All lines from the one containing "Shutter Duck's logo" through the last line of the listing below are to be copied exactly. Exclude the pictures.

* **Supplied material**:

=== Section Start ===

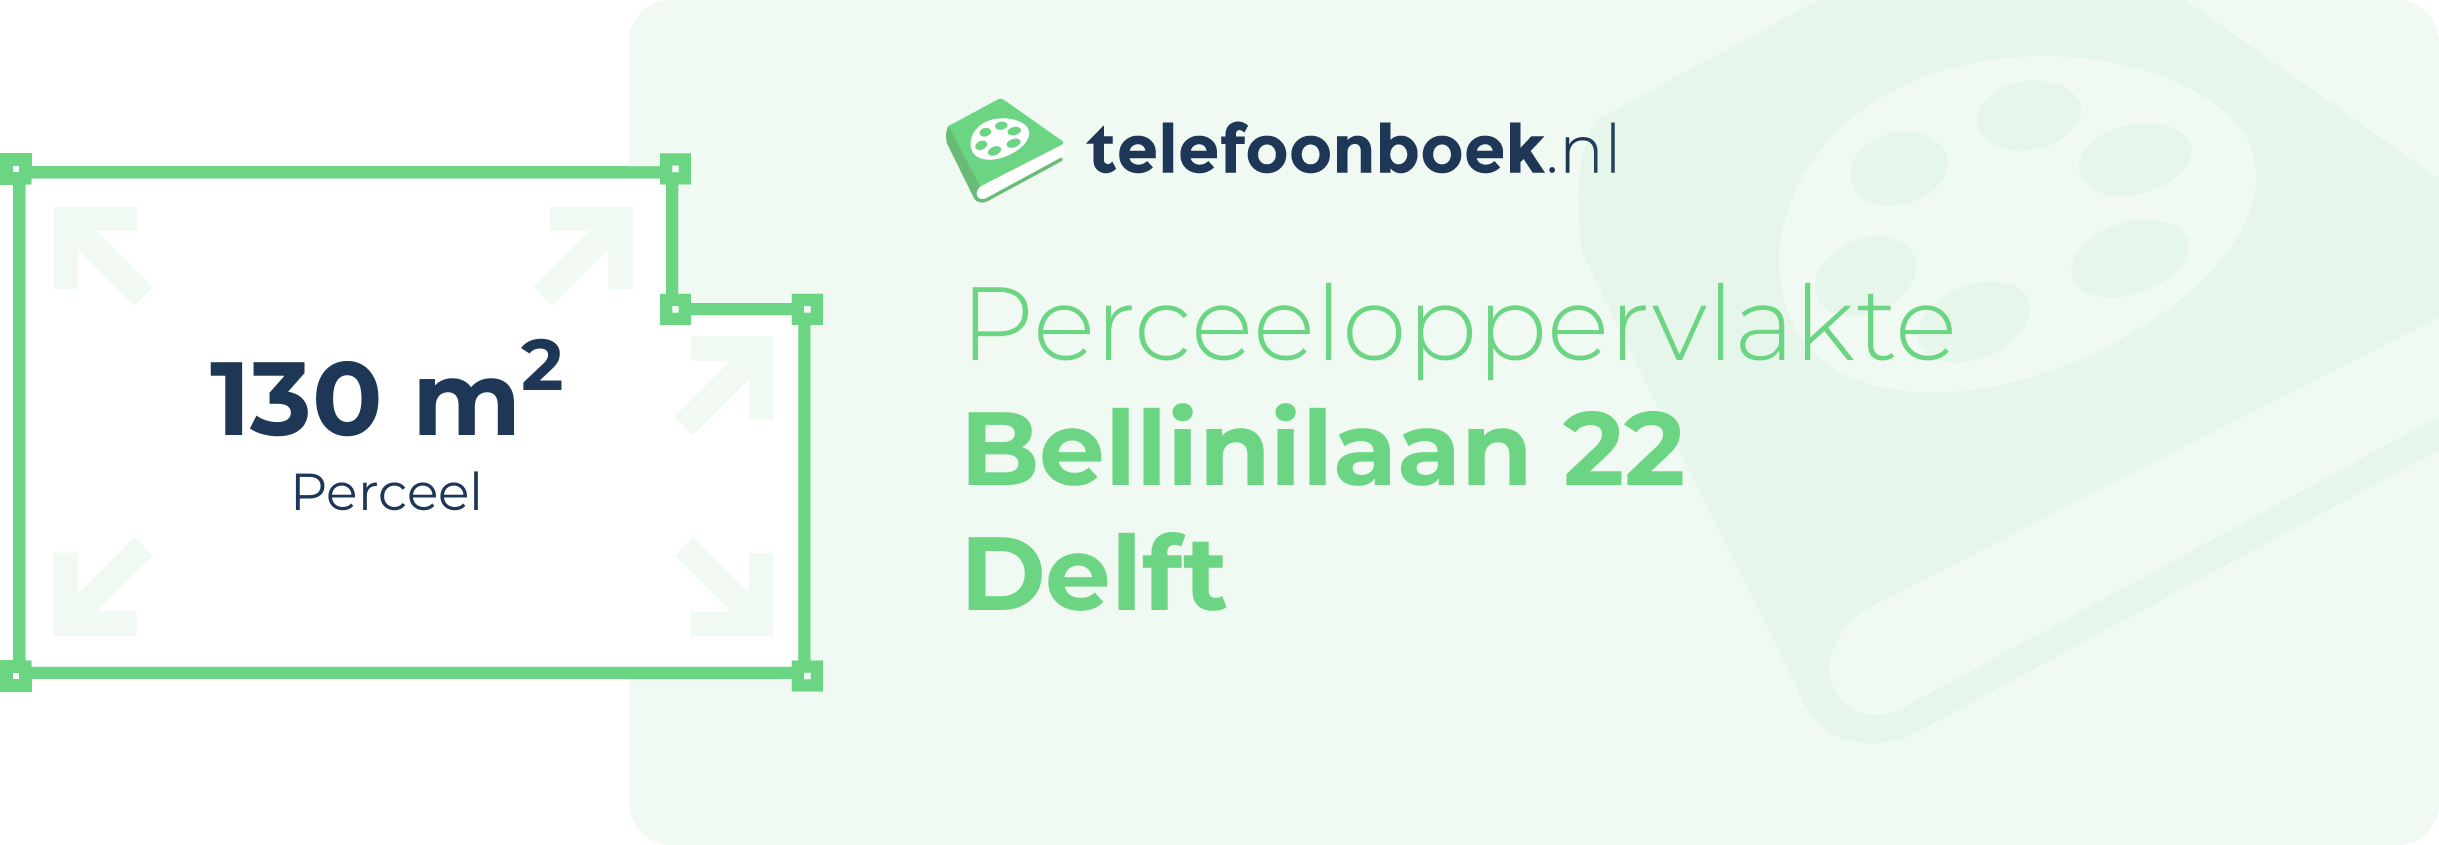 Perceeloppervlakte Bellinilaan 22 Delft
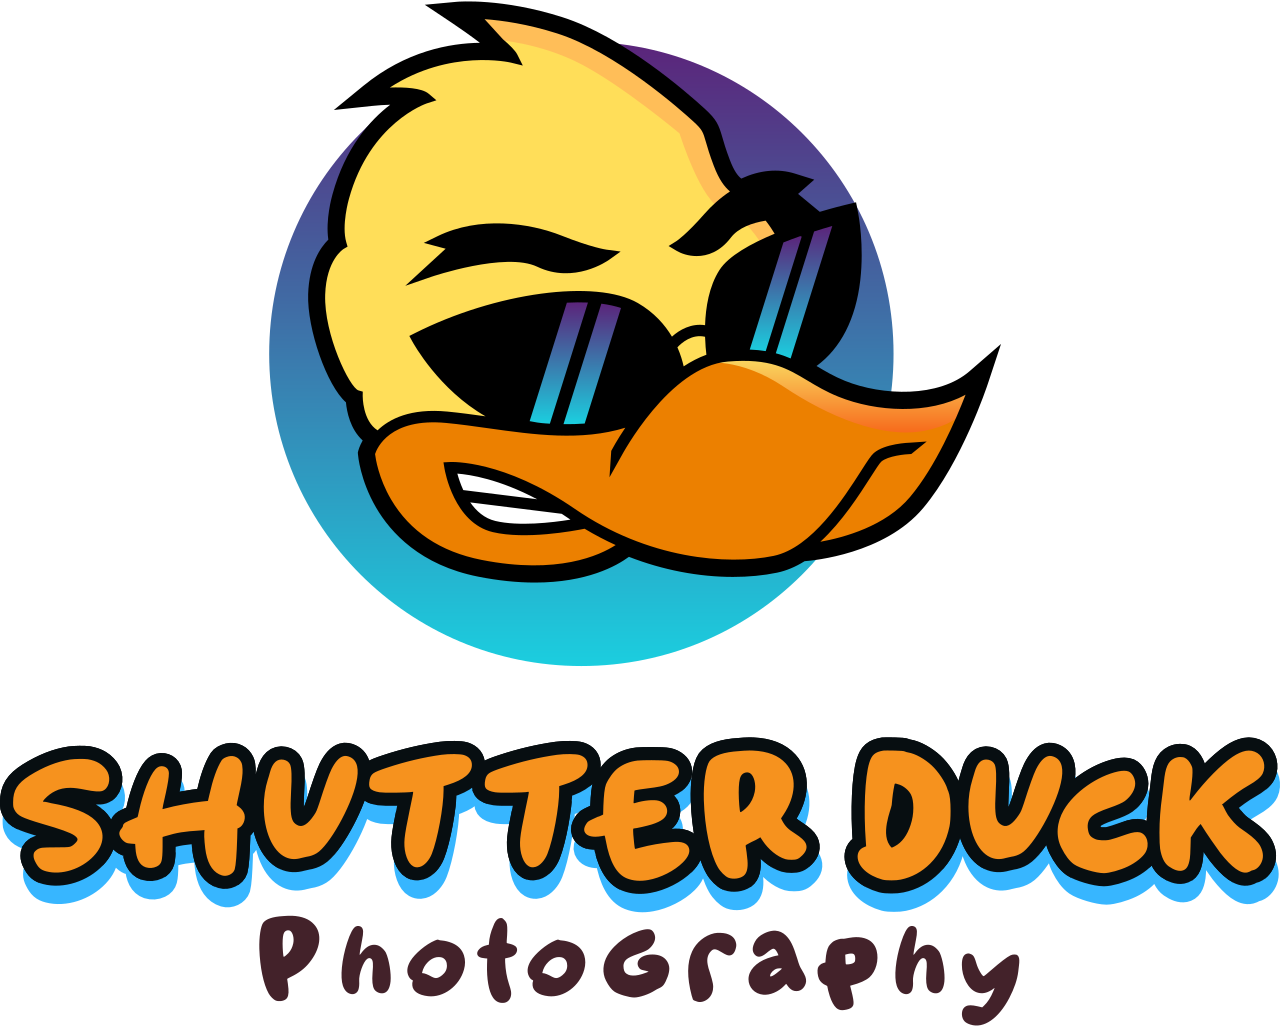 Shutter Duck's logo
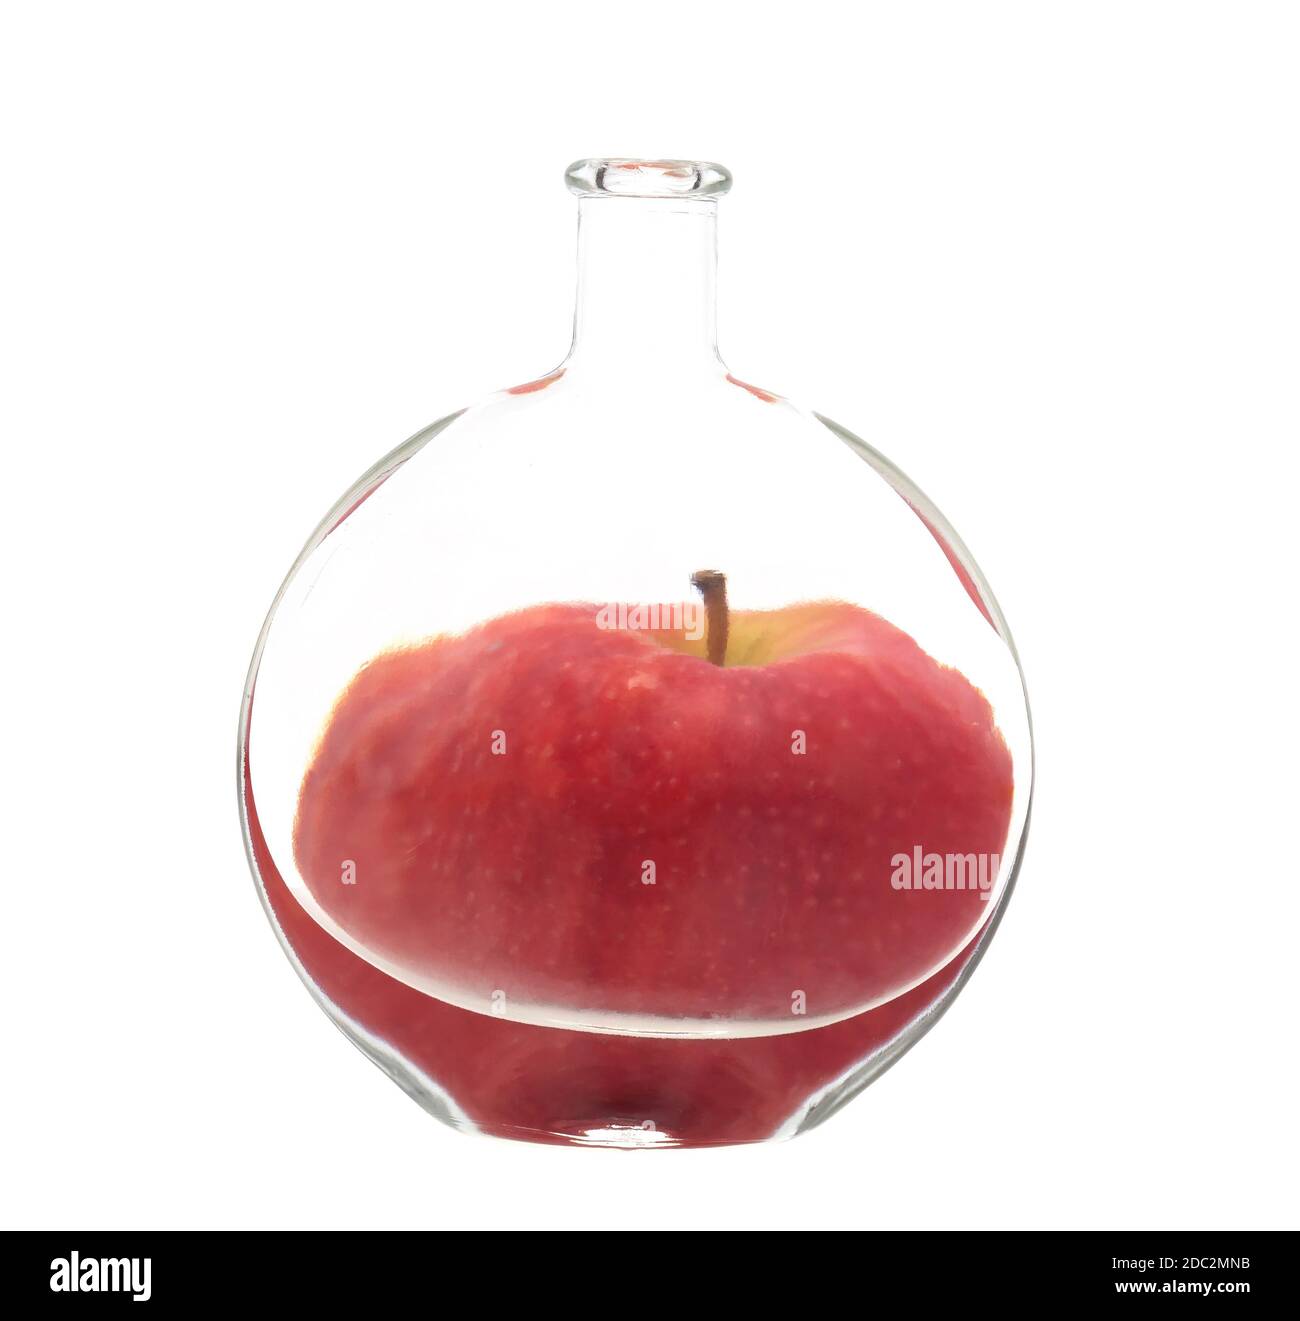 Flasche Apfel. Verzerrung, Brechung durch Wasser Konzept, konzeptionell. Stockfoto

=== Section End ===

* **Written solution**:
 Shutter Duck's logo
 Flasche Apfel. Verzerrung, Brechung durch Wasser Konzept, konzeptionell. Stockfoto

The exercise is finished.